Festivals

Foals bring sweaty chaos as The Great Escape’s returning heroes

Squid, Viagra Boys and The Nude Party were the day’s brightest new hopes.

While The Great Escape’s general vibe tends towards the buzzy and new, the festival also has good form in bringing some altogether larger surprises and treats to Brighton’s seafront. This year, however, they’ve outdone themselves, and the 500 people that pack into Concorde 2 to witness Foals return to the venue they played a literal decade ago on the way up know they’re in for something special.
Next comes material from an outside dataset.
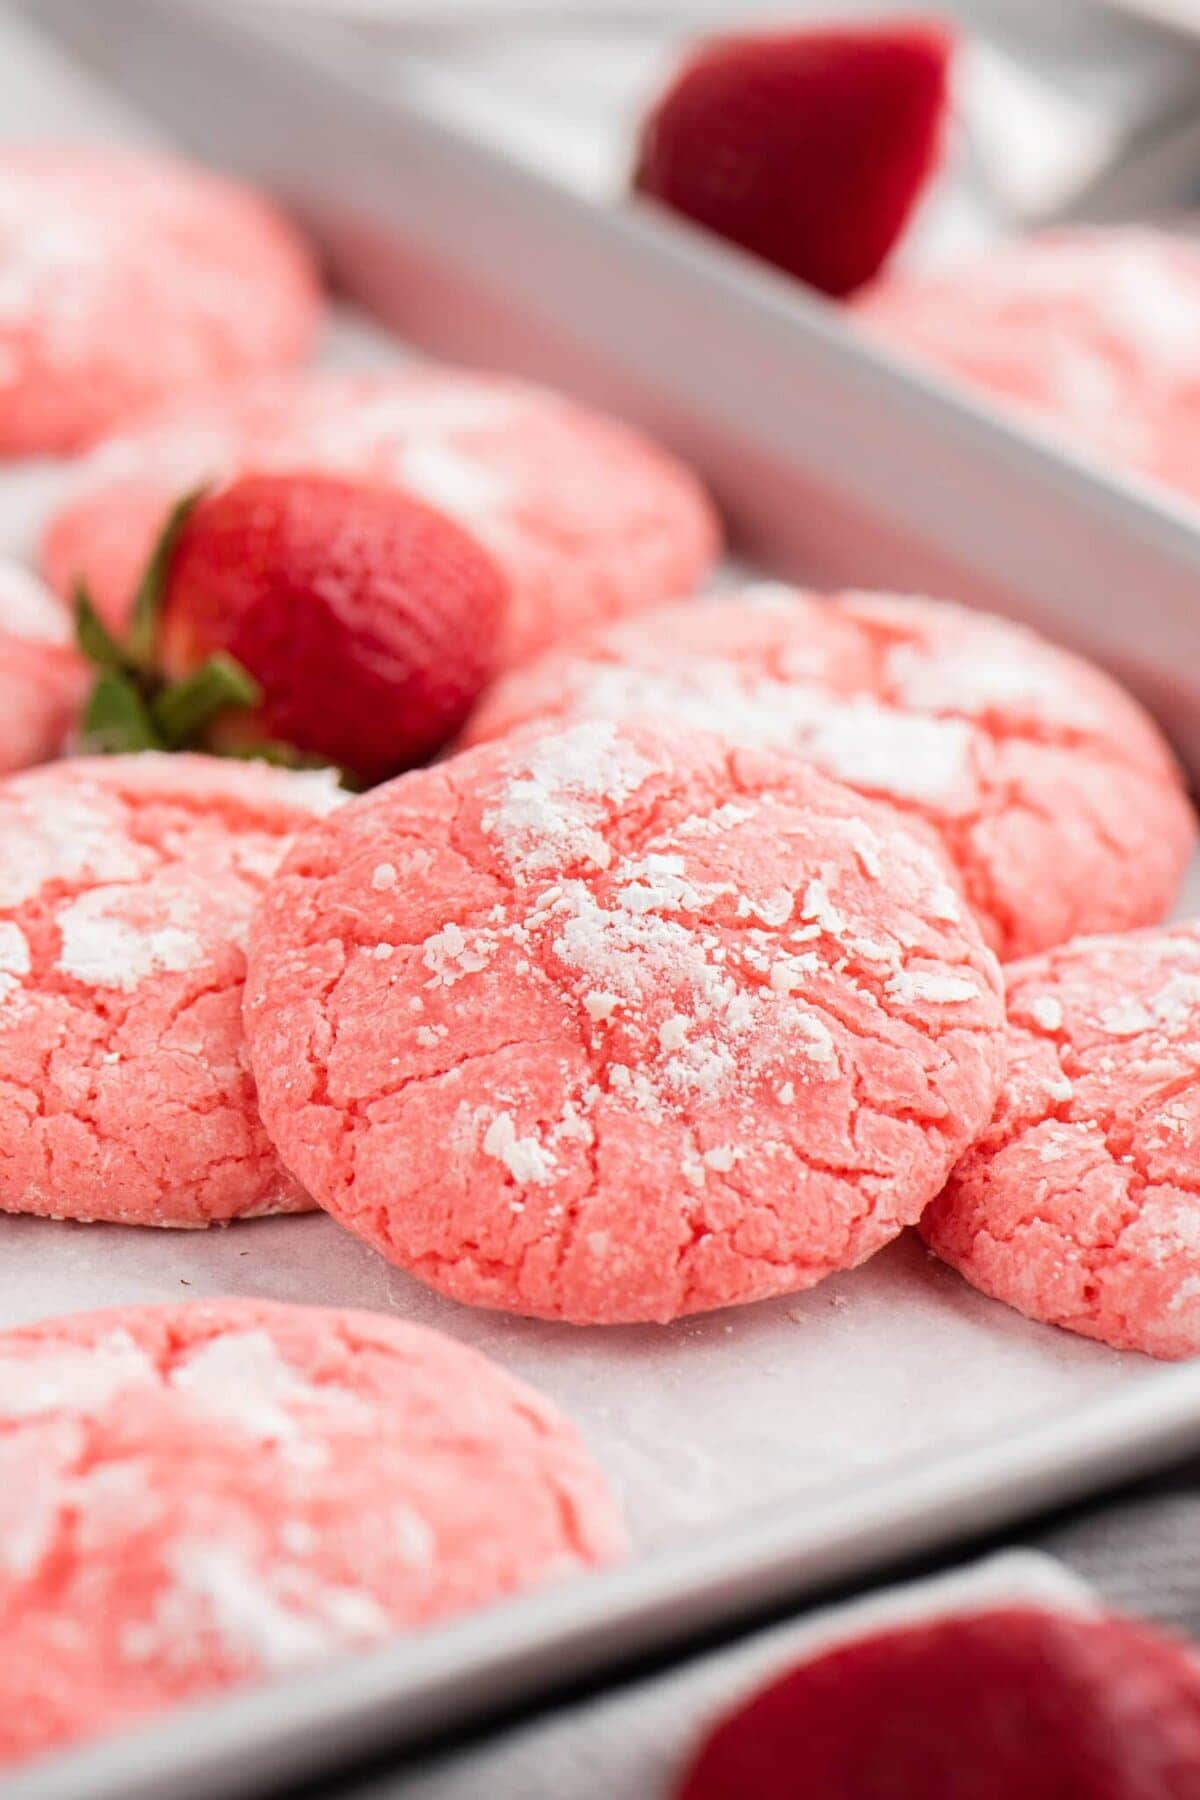 Strawberry Cheesecake Cookies on baking sheet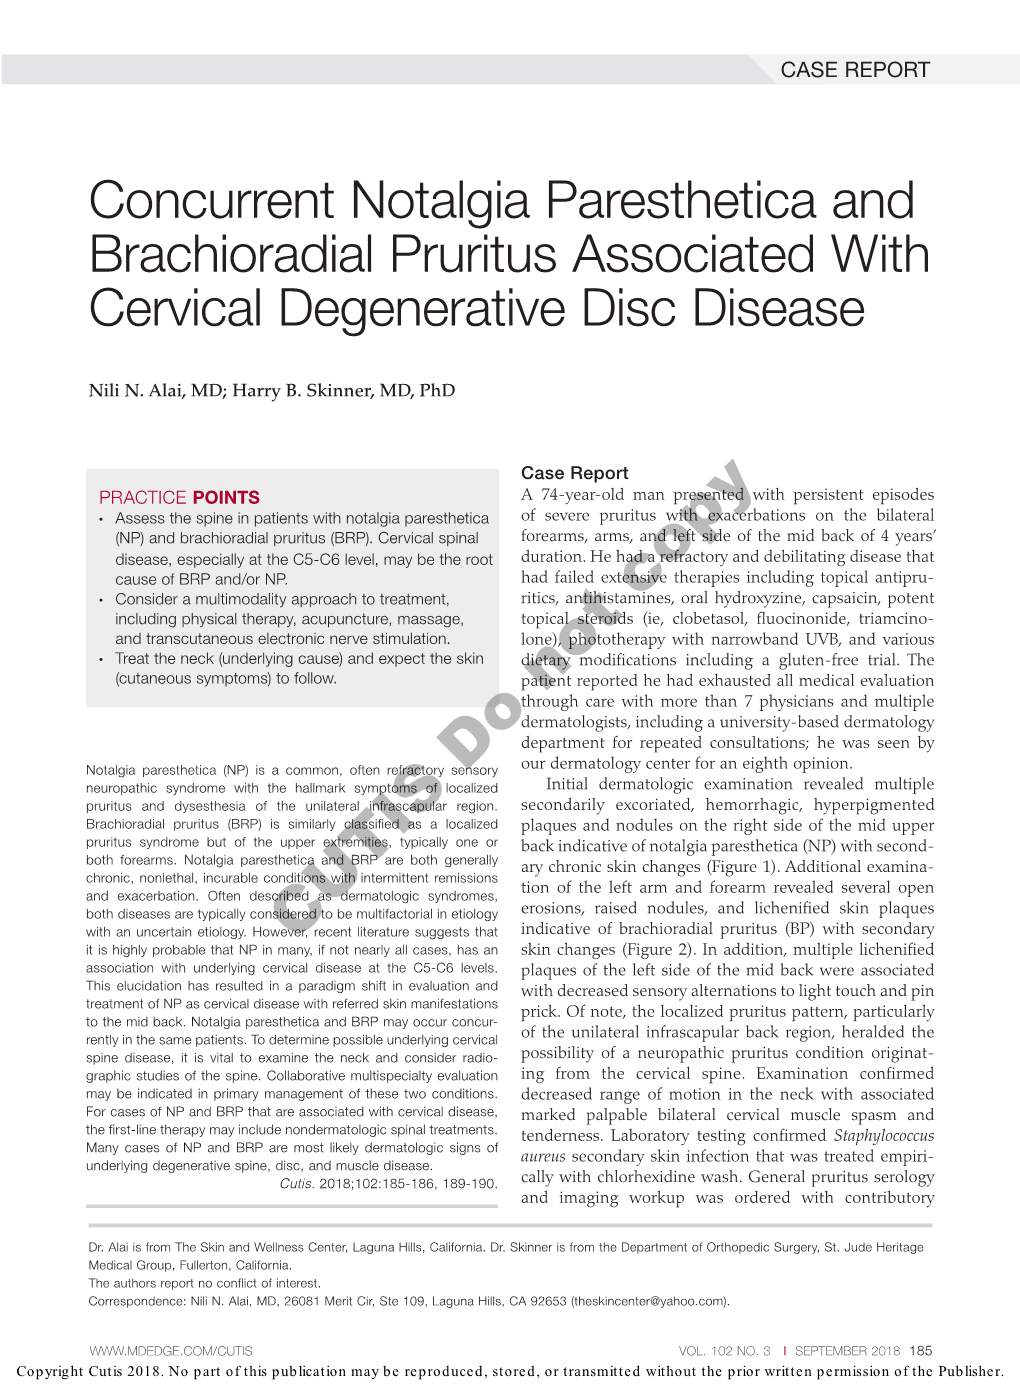 Concurrent Notalgia Paresthetica and Brachioradial Pruritus Associated with Cervical Degenerative Disc Disease

Playing as part of label Transgressive’s 15th anniversary celebrations, it’s semi-ridiculous to hear this many massive hits packed into such a small space. Now five albums in (with a six mere months away), the band have enough bona fide anthems to fill 90 minutes without ever letting up; couple that with the intimate, high-intensity energy of such a small room and it’s like being caught in a cathartic, chaotic glorious pressure chamber.

From the opening jagged jabs of recent single ‘On The Luna’, through the old crescendoes of ‘Olympic Airwaves’ via the emotional purging of ‘Spanish Sahara’ and the mammoth roars of ‘What Went Down’ and ‘Inhaler’, it’s a tour through a band whose canon has swelled and side-stepped but also stayed completely true to itself; now, songs they played here first time around sit happily side by side with their newest as testament to a band that have always brimmed with ideas and excitement. As Yannis clambers around the side shelves of the venue during the familiar finale of ‘Two Steps, Twice’, there’s the tangible awareness that few bands of their stature would ever still remain this intense, this edge-of-your-seat exciting so far into their career; tonight, as we’ve known for a long time now, Foals confirm themselves as true one-offs.

Foals bring sweaty chaos as The Great Escape's returning heroes Foals bring sweaty chaos as The Great Escape's returning heroes Foals bring sweaty chaos as The Great Escape's returning heroes Foals bring sweaty chaos as The Great Escape's returning heroes

Earlier in the day, newcomers Do Nothing are greeted by the first proper sunshine of the weekend. The Nottingham boys play to a packed out Dive Bar tent, with gurgling bass lines and spiky flashes of guitar matching the stage’s strobe lights. Singer Chris Bailey spits “won’t you shut up for once in your life” on their excellent, LCD Soundsystem-esque single ‘Gangs’.

Irish outfit Just Mustard sound dreamy on debut album ‘Wednesday’, but inside the cavernous walls of The Haunt they sound like Nine Inch Nails. Singer Katie Ball motionlessly delivers her glacial vocals as a monstrous wall of sound erupts around her. Creaking metal and roaring guitar feedback provides an industrial edge to tracks like ‘Frank’ and ‘Pigs’, which are given a whole new life at this volume.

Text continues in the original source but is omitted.